Pre-pandemic, Oregon was part of a national trend of declining incarceration rates after more than doubling since the mid-1990s.There are two popular explanations for this decline: first, declining crime rates. Violent crime rates in the U.S. have declined by about 50% over the last 20 years. Also, facing record high incarceration rates, many U.S. states had been increasingly developing incarceration alternatives. These alternatives are typically rehabilitation or “diversion” programs that often include restitution, therapy, and community service, all with the goal of helping offenders avoid a felony conviction and incarceration.
A Demanding Job

Keeping 12,079 people behind bars is expensive. The total budget of the Oregon Department of Corrections for the two-year biennium (2021-2023) is $2.0 billion. That works out to roughly $228 a day to keep an incarcerated individual safely housed.

The most common job in a correctional facility is correctional officer, a very challenging job. Correctional officers are responsible for overseeing offenders who have been convicted of a crime or are awaiting trial. Correctional officers maintain security and inmate accountability to prevent disturbances, assaults, and escapes. The work is a 24-hour, seven-day a week operation, with night shifts, weekends, holidays, and overtime as required.

Correctional officers maintain order within the institution and enforce rules and regulations while ensuring individuals incarcerated are orderly and obey rules. Correctional officers monitor the activities and supervise the work assignments of these individuals. Their duties may entail searching the incarcerated and their living quarters for contraband, settling disputes, and enforcing discipline. Correctional officers inspect the facilities, checking cells and other areas of the institution for unsanitary conditions, contraband, fire hazards, and any evidence of rule infractions.

For all this work, the median wage for a correctional officer in Oregon is $34.56 an hour. Assuming a 40-hour work week, that equates to $67,745 a year. However, overtime is very common for the 1,864 correctional officers in Oregon.
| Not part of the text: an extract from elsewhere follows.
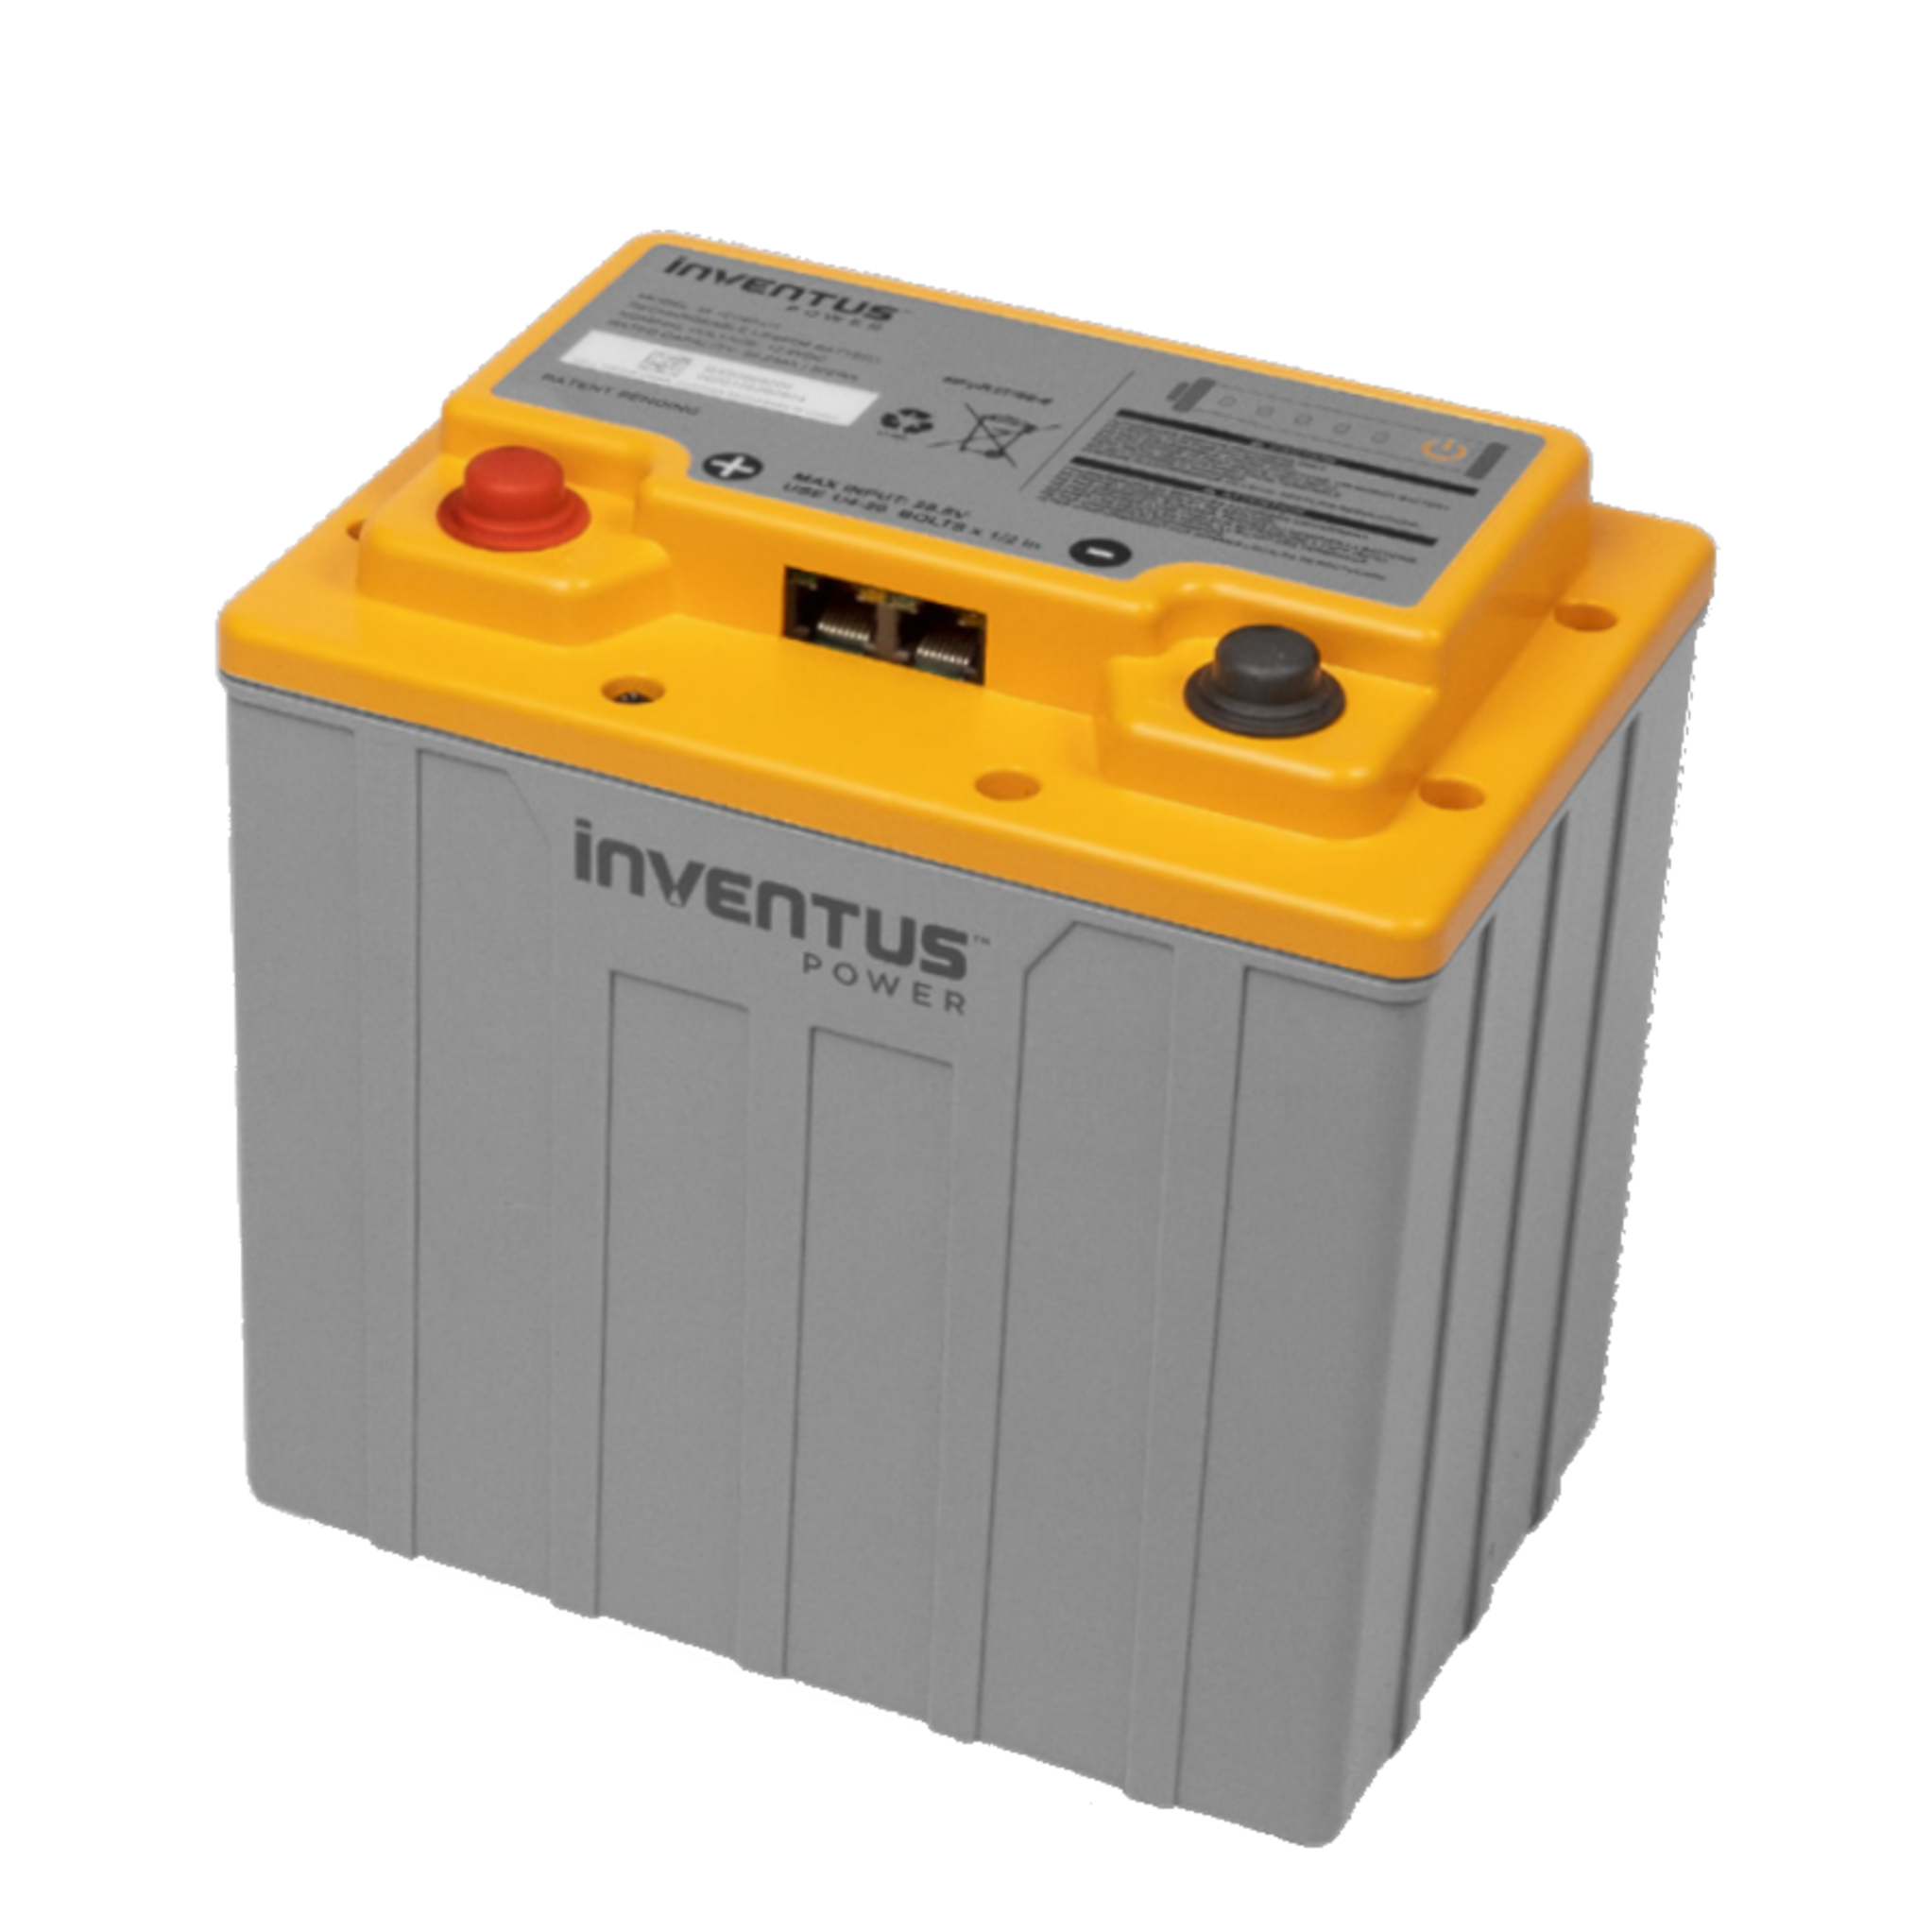 Inventus S-24V20-U1 Lithium Deep Cycle 24V Battery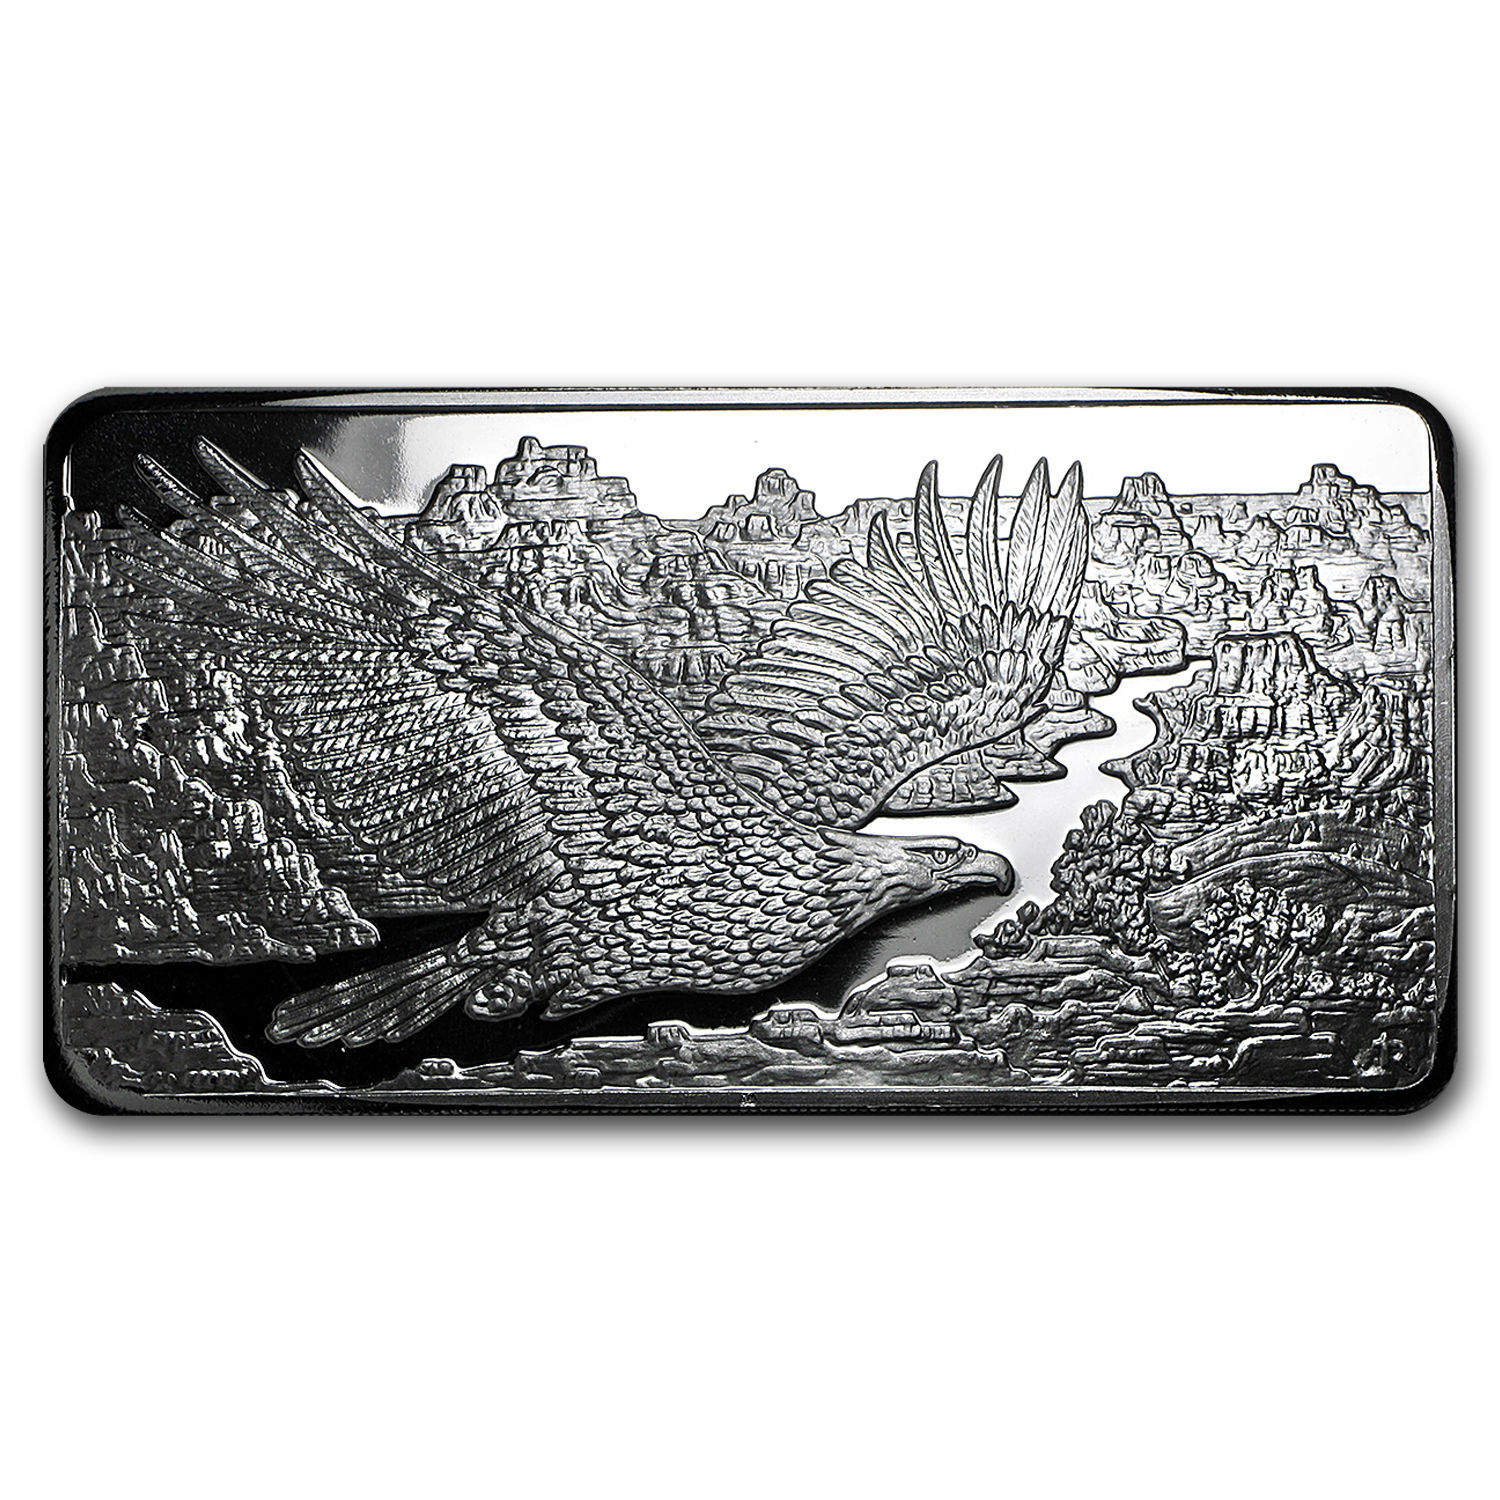 10 oz Silver Bar - Republic Metals Corp. Eagle Design (RMC) - SKU #103152

These benefits come with high costs. Research studies show that correctional officers suffer from high rates of: stress related illness, elevated blood pressure, and suicide. The high pressure responsibilities of this work have clear negative health effects, but Oregon has a responsibility to keep its citizens and those in custody. This is challenging and important work because the overall success of an incarcerated individual’s reintegration impacts our society as a whole.